Reprenant le nom de l’excellente collection des « Dictionnaires amoureux » de chez Plon, en voici un beaucoup plus bref. Il reprend quelques pétales tombés de la pâle fleur de notre vie en hypokhâgne. Tout amoureux étant subjectif, ces pages le seront d’autant plus, que j’ai principalement interrogé le spécimen d’hypokhâgneux que je connais le plus, à savoir mon humble personne. Il ne s’agit donc pas, comme vous le pensiez sans aucun doute, d’une manifestation d’un narcissisme égocentrique et nombriliste démesuré. Sur le mode humoristique, ironique voire – ô horreur ! – cynique, vous découvrirez le mystérieux pays qui prépare les élites* françaises !

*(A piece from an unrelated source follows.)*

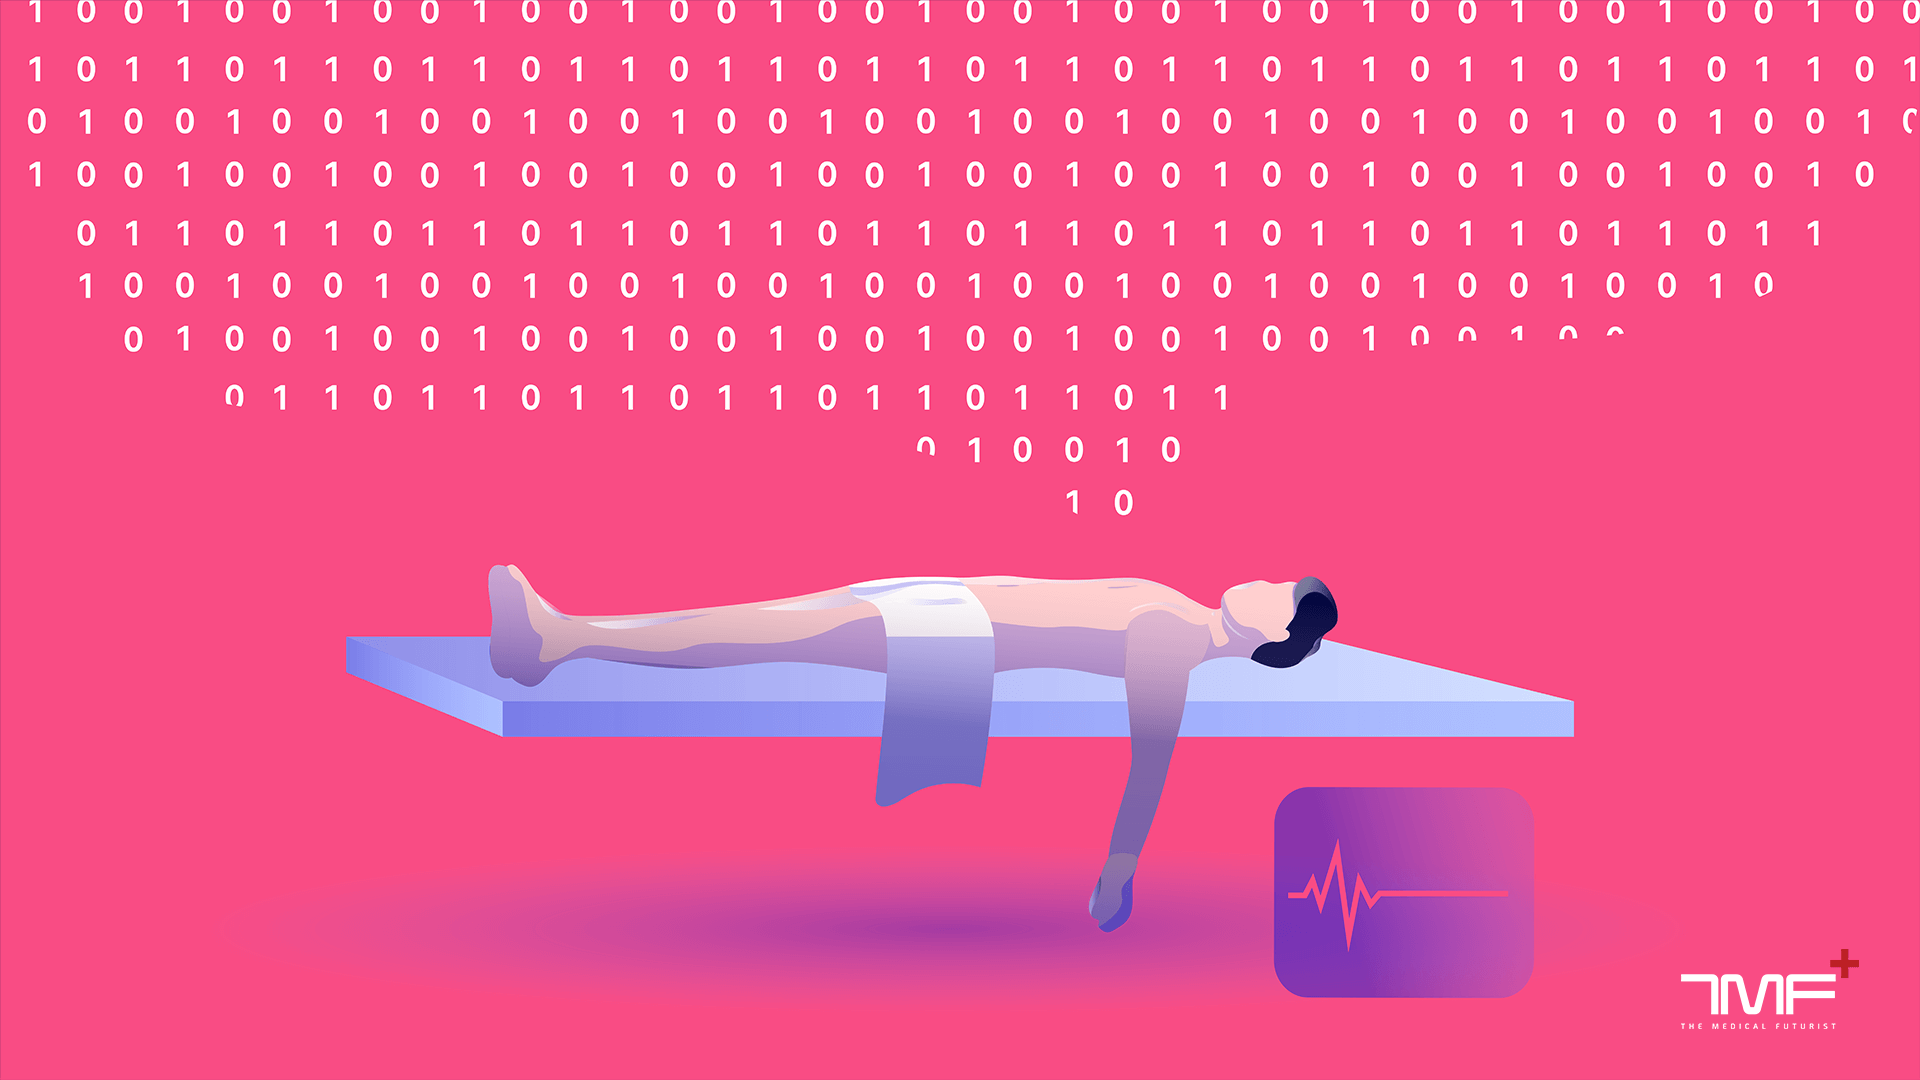 What Happens To Your Medical Data After You Die?

PS : Pour les noms suivis d’une étoile, se reporter à l’article homonyme. Quant au sigle [PJ], il fait référence à la très en vogue expression « private joke », (blague privée, connue de quelques-uns seulement), également connue sous le nom de « trip ». Ces micro-anecdotes humoristiques ont l’avantage de symboliser de manière particulièrement heureuse nos petits plaisirs hypokhâgneux. Triste paradoxe de l’affaire : ce ne seront plus des private jokes… Par ailleurs, étant à l’internat de ma prépa, j’inclus cet honorable privilège dans l’évocation de la prépa.

Écrit en mai 2009.

Amis

Heureux hasard que ce mot inaugure une liste de calamités. Les amis ? Précieux. Irremplaçables. Ceux qui partagent la même galère que nous bien sûr, avec qui on révise le vocabulaire latin au petit-déjeuner et on va contempler les ifs du parc du château entre deux épreuves de concours blanc, mais aussi devant qui on craque les soirs de cafard, et qui trouvent les bons mots pour nous réconforter. Il y a aussi ceux de l’extérieur, les amis pour qui on est pas toujours là, et qui nous aiment quand même. Ceux avec qui on prend un peu de recul, quand on se rend compte qu’en médecine ou en prépa scientifique, ils en bavent encore plus. Ceux qui sont en fac et surtout ceux qui n’ont pas cours depuis deux mois pour cause de grève… Et devant lesquels on saisit également notre chance de travailler. Sans vouloir plagier Bernanos : un ami, rien qu’un ami, c’est aussi précieux qu’une vie. Plus encore ; car la prépa, ce n’est pas une vie…

Antanaclase

Avec l’anacoluthe, la parataxe, l’hypotypose et l’homéotéleute, elle figure dans l’olympe des sublimes figures de style qui émaillent joyeusement nos cours de littérature ou de langues. Le plus triste, c’est qu’à la fin de l’année nous les mélangeons encore. Au moins, retenons celle-ci : l’antanaclase repose sur la répétition d’un mot en jouant sur sa polysémie : « Les étudiants c’est comme le linge, quand il fait beau ça sèche. » Cette antanaclase était elliptique.